More and more, we’re seeing some licensors bypass FRAND discussions and rely as a substitute on threats to extract inflated, supra-FRAND royalties from licensees. We expect the higher strategy entails mutual respect, openness, and equity, and outdoors help with FRAND if negotiations are at an deadlock.

As famous by The Register at this time, in a letter to the ITC dated November 15 [PDF], Lenovo stated it desires Asus to “stop and desist from advertising and marketing, promoting, distributing, providing on the market, promoting, or in any other case transferring, together with the motion or cargo of stock” merchandise that infringe upon the 4 patents in query.

In an extra dig, Lenovo added {that a} restricted exclusion order would not hurt US customers or competitors, resulting from Asus’ smaller market share. In response to the IDC, Asus represented about 7.1 % of the PC market (which incorporates laptops and desktops) in Q3 2023. Lenovo led at 23.5 %.

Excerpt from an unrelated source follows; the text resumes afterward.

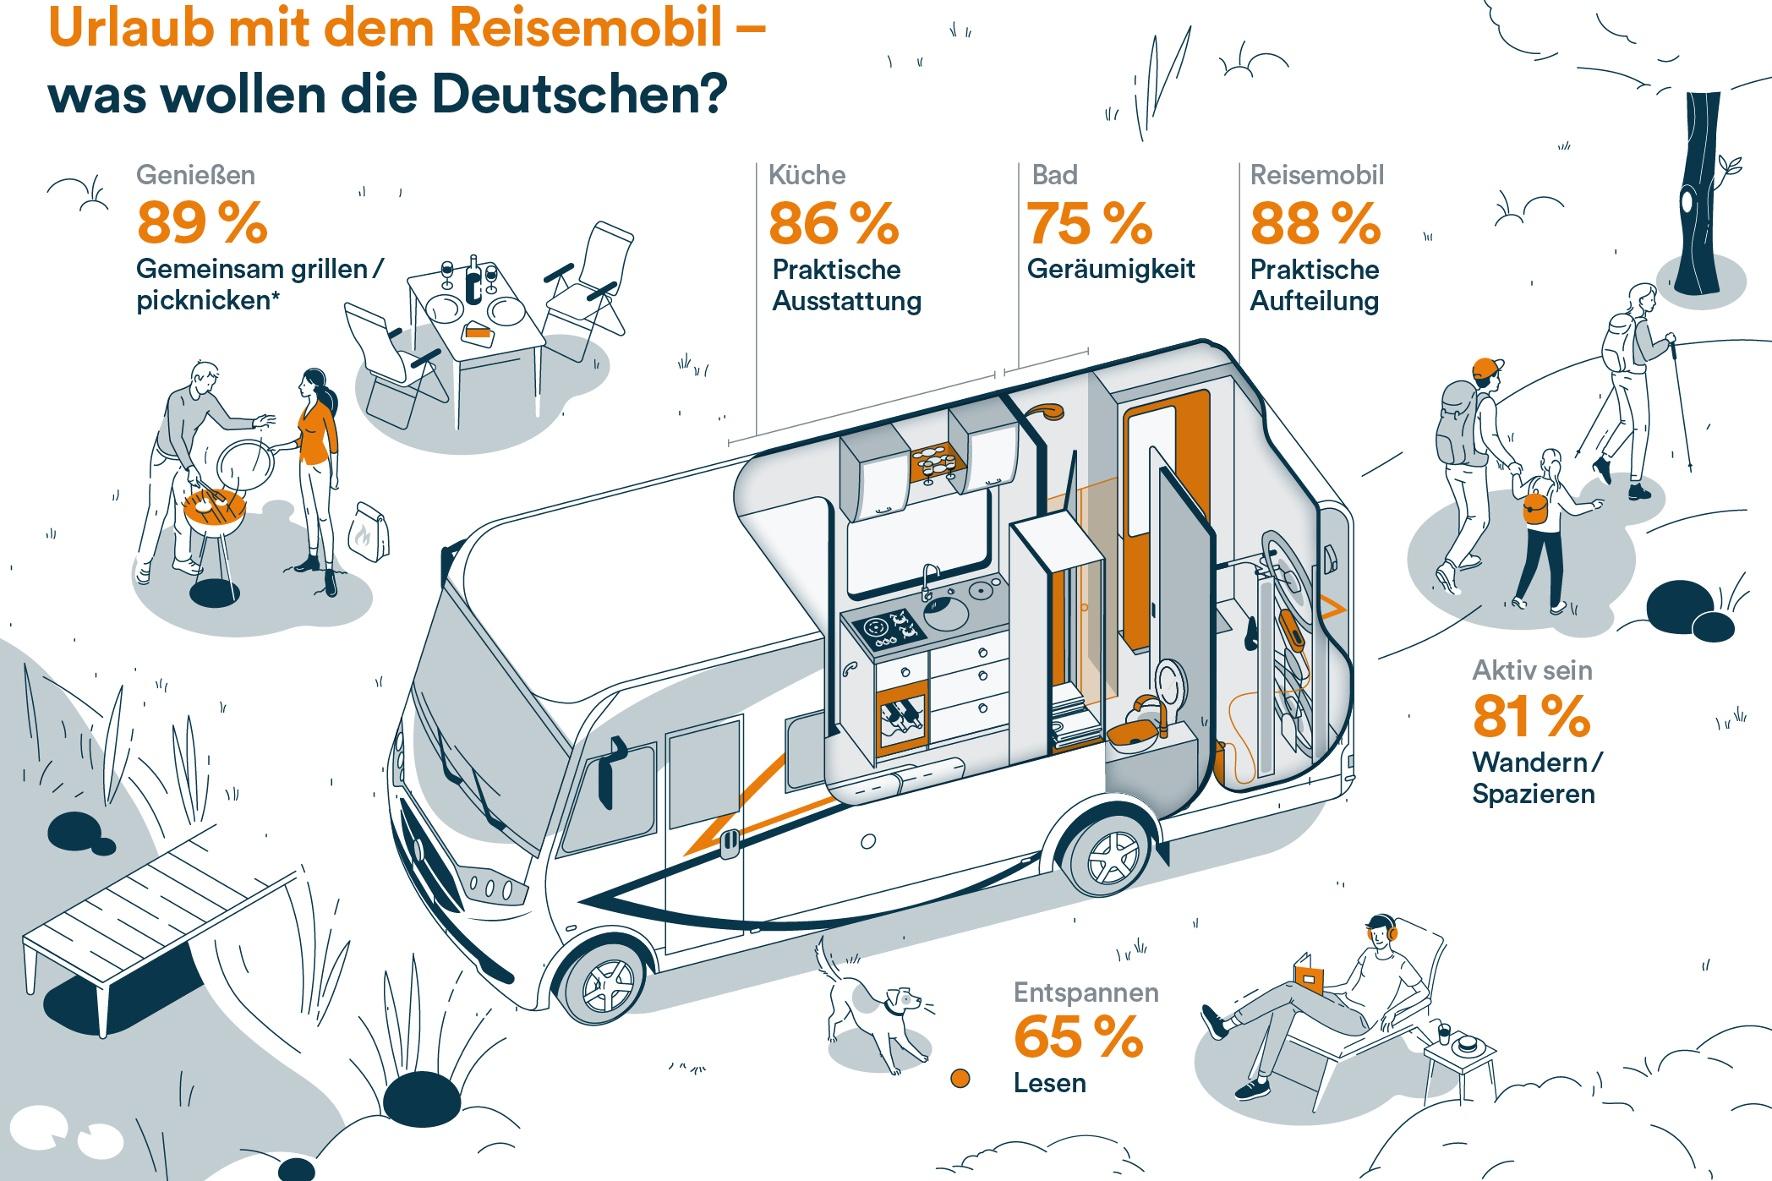 Wie muss ein Freizeitfahrzeug für die Deutschen sein und was genau wünschen sie sich für ihren Reisemobilurlaub? Diese Frage hat Reisemobilhersteller Carado jetzt in einer Studie in Zusammenarbeit mit dem Marktforschungsunternehmen Dynata beantwortet.Foto:© Carado GmbH / TRD mobil
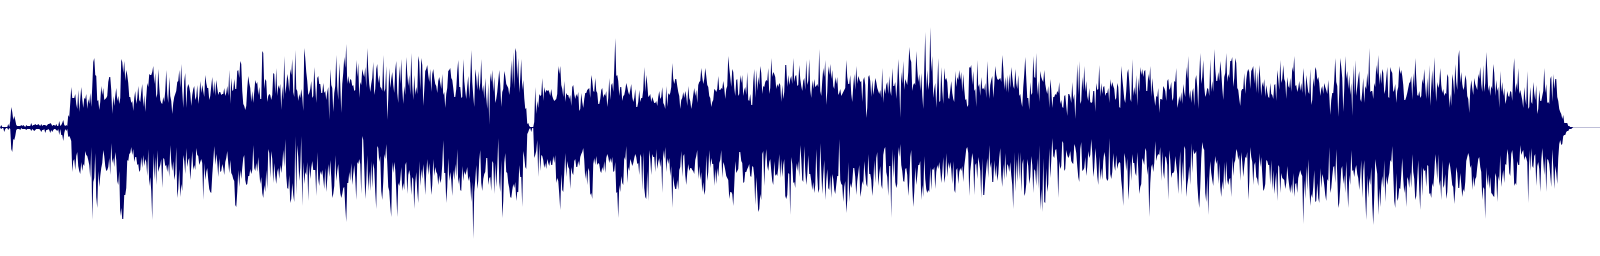 waveform of track #136354

Ars Technica reached out to Lenovo and Asus for remark however did not obtain responses earlier than publication.

In Tuesday’s assertion, Mulgrew added that “litigation is at all times Lenovo’s final resort.” We’ve seen Lenovo get litigious about laptop computer design in one other matter not too long ago. In August 2022, it despatched a cease-and-desist letter to Framework over an O-shaped energy button in a Framework motherboard case that Lenovo stated seems to be like its Legion gaming model brand. Lenovo has additionally been on the receiving finish of latest IP-related lawsuits, together with a pricing dispute with InterDigital, (which Lenovo basically gained), and an ongoing dispute with Ericsson about 5G.